Earlier this week HHA’s were notified of an issue which prevented the February 5, 2018 weekly calculations for the HHA Review and Correct Report, and that any OASIS records submitted beginning January 29, 2018 had not yet been included in the calculations for the HHA Review and Correct Report.

This issue has been corrected, and calculations have been performed for all OASIS records submitted between January 29, 2018 and (will insert date here, potentially February 8, 2018). The updated calculations for those records should now be apparent for the Open periods within any new HHA Review and Correct Reports that are requested. The regular weekly calculations will also resume on January 12, 2018. 

If you have any questions concerning this information, please contact the QTSO Help Desk at help@qtso.com or 1 (800) 339-9313.

February 01, 2018

Correction of Home Health Review and Correct Report

CMS has determined that the denominator counts for the Percent of Residents or Patients with Pressure Ulcers That Are New or Worsened (NQF #0678) on the home health Review and Correct reports are incorrect. Specifically, they do not include episodes where M1313 was coded as a valid skip, when the response to M1306 was “0” (No). The numerator counts on these reports were calculated correctly. The forthcoming confidential feedback reports for this measure (the HH on-demand Risk Adjusted Outcome Reports), as well as public reporting on Home Health Compare starting in 2019, will both correctly incorporate episodes with valid skips in the denominator. 

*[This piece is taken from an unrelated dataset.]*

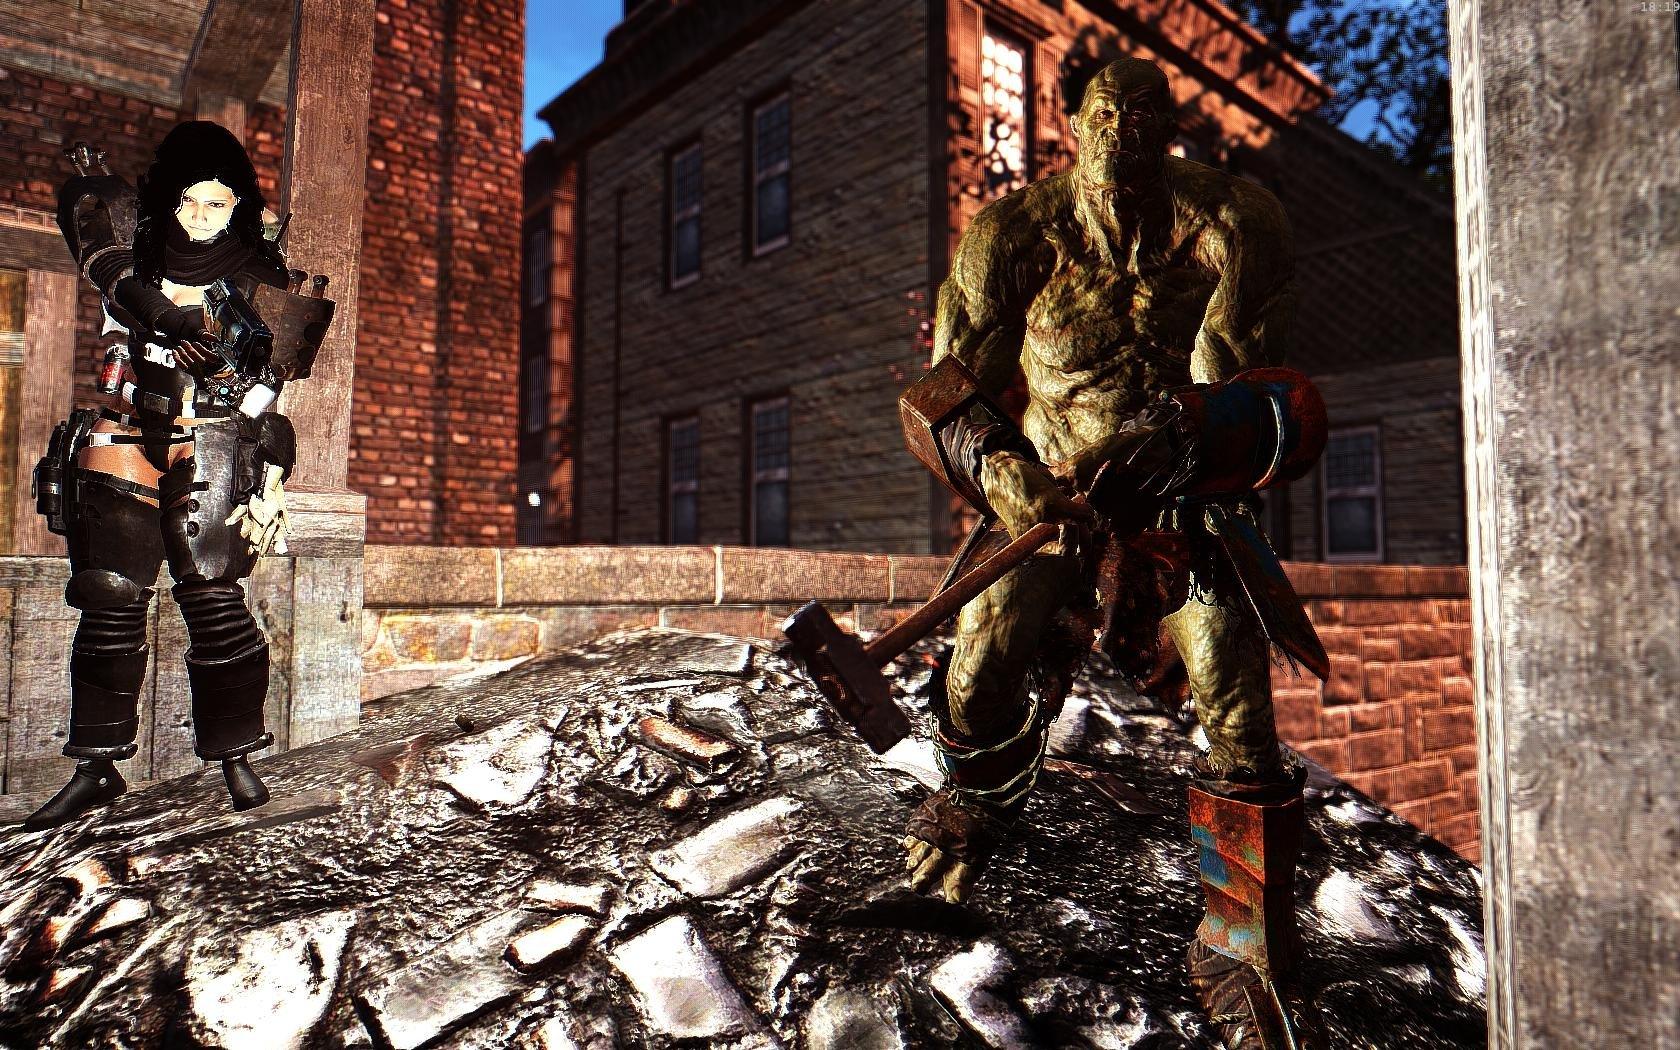 Fallout4 2018-10-27 18-19-16-02.jpg

As a result, HHAs can expect to see much lower rates for the measure relative to the values on their Review and Correct reports to date. The Review and Correct reports going forward will also include this update. As a result, measure calculation will be standardized across post-acute care settings.

January 02, 2018

Home Health QRP: Transcript and Audio from Removal of Influenza Vaccination Measure from Quality of Patient Care Star Rating Webinar Available

An audio recording and transcript is now posted in the related links section of the Home Health Quality Reporting Program Training webpage for the December 14, 2017 webinar on Removal of Influenza Vaccination Measure from Quality of Patient Care Star Rating.

December 20, 2017

NEW TRAINING EVENT — Section GG Web-based Training Module Now Available

The Centers for Medicare & Medicaid Services (CMS) is offering a web-based training module to address questions submitted by providers during trainings between November 2015 and August 2016 related to Section GG across the Skilled Nursing Facility (SNF), Long-Term Care Hospital (LTCH), Inpatient Rehabilitation Facility (IRF), and Home Health (HH) care settings. Visit the Home Health Quality Reporting Training webpage for more information.

November 01, 2017

A Quick Reference Guide for the Home Health QRP is now available on the Home Health Quality Reporting Requirements webpage. The guide includes frequently asked questions, information on QRP help desks, and helpful links to additional resources for the Home Health QRP.

August 31, 2017

Expansion of the One Clinician Convention

Further guidance related to application of the Home Health one clinician convention has been posted to the downloads section of the OASIS User Manuals webpage. If providers have questions after reviewing the guidance instructions, questions may be submitted to the Home Health Quality Help Desk at homehealthqualityquestions@cms.hhs.gov.

August 08, 2017

One Clinician Rule

Based on feedback from home health stakeholders, and to better align with assessment practices in other Post-Acute Care settings, we have modified the current home care guidance related to the one clinician convention. As required by the Conditions of Participation, the Comprehensive Assessment will continue to be the responsibility of one clinician. However, effective January 1, 2018, the assessing clinician will be allowed to elicit feedback from other agency staff, or order to complete any or all OASIS items integrated within the Comprehensive Assessment.

Again, this new guidance will go into effect January 1, 2018, and at the time should be considered to supersede all previously published guidance related to application of the one clinician convention. Additional clarification is available in Chapter 1 of the 2018 OASIS Guidance Manual.